> [TASK]
State the number of lines in the records underneath where the word "Street" turns up, and say nothing else.

> [INFORMATION]
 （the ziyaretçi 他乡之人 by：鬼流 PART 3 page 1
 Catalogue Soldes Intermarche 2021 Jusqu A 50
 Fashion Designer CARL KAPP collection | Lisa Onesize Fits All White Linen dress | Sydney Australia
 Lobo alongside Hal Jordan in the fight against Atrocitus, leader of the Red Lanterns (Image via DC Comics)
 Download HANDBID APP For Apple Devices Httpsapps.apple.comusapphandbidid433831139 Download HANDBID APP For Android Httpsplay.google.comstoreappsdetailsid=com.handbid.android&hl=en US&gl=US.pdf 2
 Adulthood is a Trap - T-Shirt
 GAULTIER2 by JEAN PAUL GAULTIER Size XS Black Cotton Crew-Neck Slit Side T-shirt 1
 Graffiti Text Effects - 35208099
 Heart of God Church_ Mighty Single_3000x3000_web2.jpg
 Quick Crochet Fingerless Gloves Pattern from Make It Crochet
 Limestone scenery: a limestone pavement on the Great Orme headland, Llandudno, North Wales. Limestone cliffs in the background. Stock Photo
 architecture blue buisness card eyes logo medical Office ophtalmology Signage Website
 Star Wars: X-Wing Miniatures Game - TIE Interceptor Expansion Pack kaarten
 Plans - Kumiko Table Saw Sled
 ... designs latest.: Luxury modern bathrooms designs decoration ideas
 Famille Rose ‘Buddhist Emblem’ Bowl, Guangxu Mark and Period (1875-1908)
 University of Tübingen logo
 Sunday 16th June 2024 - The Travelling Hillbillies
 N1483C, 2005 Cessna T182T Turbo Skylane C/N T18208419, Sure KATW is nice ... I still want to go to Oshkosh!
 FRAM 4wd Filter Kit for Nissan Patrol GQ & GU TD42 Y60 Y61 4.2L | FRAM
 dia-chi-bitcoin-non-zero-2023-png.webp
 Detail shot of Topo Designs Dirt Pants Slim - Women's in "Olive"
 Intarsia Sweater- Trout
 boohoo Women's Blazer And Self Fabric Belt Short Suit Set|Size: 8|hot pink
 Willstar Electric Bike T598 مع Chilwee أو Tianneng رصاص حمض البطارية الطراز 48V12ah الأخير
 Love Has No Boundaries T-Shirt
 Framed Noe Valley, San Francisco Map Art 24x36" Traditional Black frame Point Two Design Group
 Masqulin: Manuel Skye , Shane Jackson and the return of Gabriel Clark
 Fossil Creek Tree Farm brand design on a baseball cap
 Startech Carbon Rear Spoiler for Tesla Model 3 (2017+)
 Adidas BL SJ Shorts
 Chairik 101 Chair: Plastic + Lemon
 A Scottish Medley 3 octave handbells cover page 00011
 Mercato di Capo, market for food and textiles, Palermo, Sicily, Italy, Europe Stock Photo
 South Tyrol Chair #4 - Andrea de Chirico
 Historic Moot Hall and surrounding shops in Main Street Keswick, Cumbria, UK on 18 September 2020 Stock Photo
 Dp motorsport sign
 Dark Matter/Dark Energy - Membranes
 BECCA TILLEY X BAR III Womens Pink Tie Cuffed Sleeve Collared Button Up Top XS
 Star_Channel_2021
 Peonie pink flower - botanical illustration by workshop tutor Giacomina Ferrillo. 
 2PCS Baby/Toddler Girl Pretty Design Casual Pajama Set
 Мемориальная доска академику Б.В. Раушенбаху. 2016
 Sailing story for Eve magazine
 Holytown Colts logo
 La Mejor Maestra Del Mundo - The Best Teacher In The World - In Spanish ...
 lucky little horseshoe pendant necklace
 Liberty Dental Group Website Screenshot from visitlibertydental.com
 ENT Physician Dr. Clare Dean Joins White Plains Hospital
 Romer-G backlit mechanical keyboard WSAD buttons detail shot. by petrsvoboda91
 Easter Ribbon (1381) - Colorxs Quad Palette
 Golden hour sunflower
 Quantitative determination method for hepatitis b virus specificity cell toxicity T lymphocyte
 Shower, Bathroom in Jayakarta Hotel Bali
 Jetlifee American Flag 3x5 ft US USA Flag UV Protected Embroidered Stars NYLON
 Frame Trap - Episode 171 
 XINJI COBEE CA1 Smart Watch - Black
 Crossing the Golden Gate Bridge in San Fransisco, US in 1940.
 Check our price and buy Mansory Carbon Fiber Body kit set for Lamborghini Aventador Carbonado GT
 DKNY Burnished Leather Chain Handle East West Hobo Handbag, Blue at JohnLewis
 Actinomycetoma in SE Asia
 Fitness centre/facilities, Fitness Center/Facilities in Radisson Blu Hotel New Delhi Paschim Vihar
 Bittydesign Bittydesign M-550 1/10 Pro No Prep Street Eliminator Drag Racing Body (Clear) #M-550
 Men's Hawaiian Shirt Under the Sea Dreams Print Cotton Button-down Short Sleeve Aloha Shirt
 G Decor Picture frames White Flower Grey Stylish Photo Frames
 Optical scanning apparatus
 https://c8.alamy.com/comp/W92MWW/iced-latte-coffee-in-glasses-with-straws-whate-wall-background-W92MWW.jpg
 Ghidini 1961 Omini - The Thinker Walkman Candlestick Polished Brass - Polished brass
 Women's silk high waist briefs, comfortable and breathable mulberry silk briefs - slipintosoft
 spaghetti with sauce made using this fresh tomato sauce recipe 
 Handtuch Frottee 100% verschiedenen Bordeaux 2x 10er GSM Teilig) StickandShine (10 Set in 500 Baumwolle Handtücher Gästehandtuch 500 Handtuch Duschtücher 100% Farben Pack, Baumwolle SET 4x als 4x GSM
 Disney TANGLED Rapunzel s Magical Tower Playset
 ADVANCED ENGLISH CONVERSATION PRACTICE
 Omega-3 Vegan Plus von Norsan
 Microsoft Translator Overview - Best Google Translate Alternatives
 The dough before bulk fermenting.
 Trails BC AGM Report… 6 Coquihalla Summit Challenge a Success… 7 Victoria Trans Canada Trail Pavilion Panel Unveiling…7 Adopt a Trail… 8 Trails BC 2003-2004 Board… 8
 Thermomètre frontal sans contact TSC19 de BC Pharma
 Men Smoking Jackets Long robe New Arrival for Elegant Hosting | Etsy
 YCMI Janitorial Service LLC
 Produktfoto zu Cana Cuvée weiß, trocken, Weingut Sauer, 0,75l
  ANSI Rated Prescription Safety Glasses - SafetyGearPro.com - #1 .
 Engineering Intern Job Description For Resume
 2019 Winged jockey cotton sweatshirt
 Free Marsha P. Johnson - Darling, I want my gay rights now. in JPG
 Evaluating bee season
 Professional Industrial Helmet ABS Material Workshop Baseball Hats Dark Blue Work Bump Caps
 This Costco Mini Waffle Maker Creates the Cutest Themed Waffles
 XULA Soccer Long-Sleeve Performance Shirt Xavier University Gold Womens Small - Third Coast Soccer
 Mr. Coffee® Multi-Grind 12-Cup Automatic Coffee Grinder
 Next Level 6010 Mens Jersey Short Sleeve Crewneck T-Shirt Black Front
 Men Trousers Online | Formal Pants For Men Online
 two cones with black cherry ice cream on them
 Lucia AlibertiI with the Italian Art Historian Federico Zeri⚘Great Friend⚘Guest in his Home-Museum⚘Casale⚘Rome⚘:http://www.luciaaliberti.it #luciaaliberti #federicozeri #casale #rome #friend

> [SOLUTION TO THE PROBLEM]
2